# Cleaning a vacuum pot



## Vieux Clou (Oct 22, 2014)

I used mine for the second time in 18 months last week, for visitors who don't like espresso. Got the grounds etc out OK and washed it thoroughly - but how the hell do you get the inside of the pot dry and sparkling again? Can't get at the damned thing.


----------



## Rob1 (Apr 9, 2015)

Stick kitchen towel inside and shake it about or stick a chopstick in there after it and give it a good wipe around.


----------



## Vieux Clou (Oct 22, 2014)

Wipe I can manage.

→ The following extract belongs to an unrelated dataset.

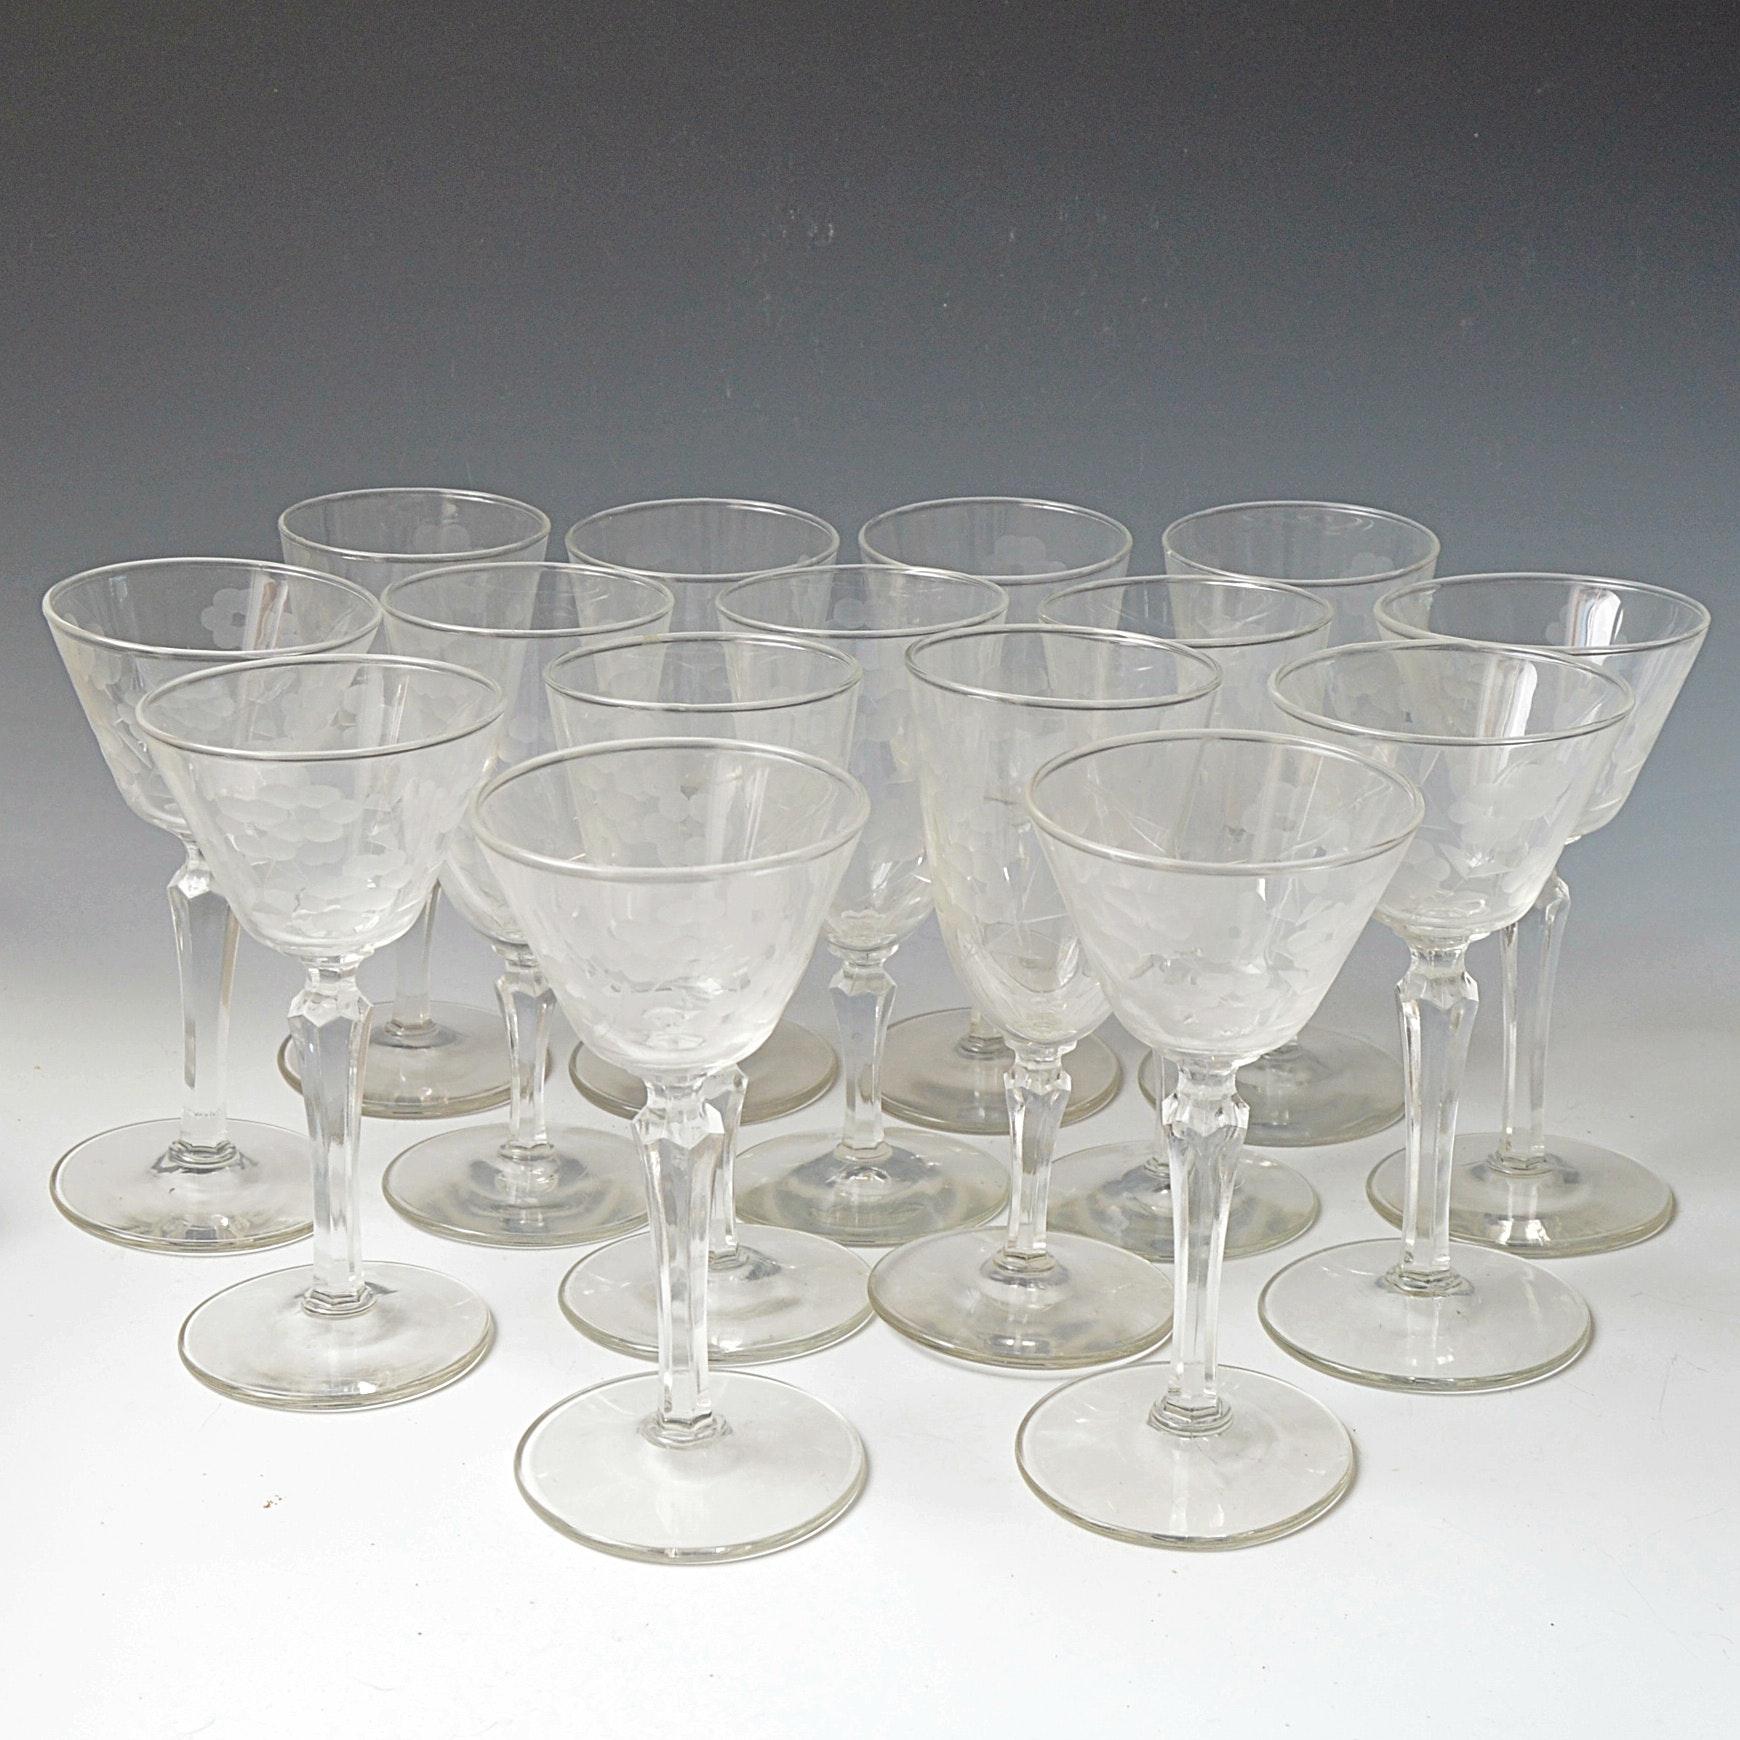 Set of Vintage Etched Glass Wine Goblets

Polish is what I want.


----------



## El carajillo (Mar 16, 2013)

Fill it up with a mix of Pulycaf. and let it stand then rinse out.


----------



## Vieux Clou (Oct 22, 2014)

Yes, certainly that would remove any crud, but it wouldn't help me get it completely dry afterwards. I need some way of polishing it on the inside.


----------



## Rob1 (Apr 9, 2015)

Can you post pics? Are we talking glass or metal?


----------



## Missy (Mar 9, 2016)

Can you get a fine microfibre cloth in then out and broddle with a chopstick/bottlebrush? If you do that with a dry cloth when it's slightly damp it should polish up?


----------



## Vieux Clou (Oct 22, 2014)

Aye, summat like that. I was hoping that someone had a magic bullet. Washing in deionized water would probably work but it's not worth the effort. As I said, I have only used it twice in 18 months.

Thanks for suggestions, all. When (if) I do get it the way I like I'll build a ship in the bottom bit and shove a candle in the top.


----------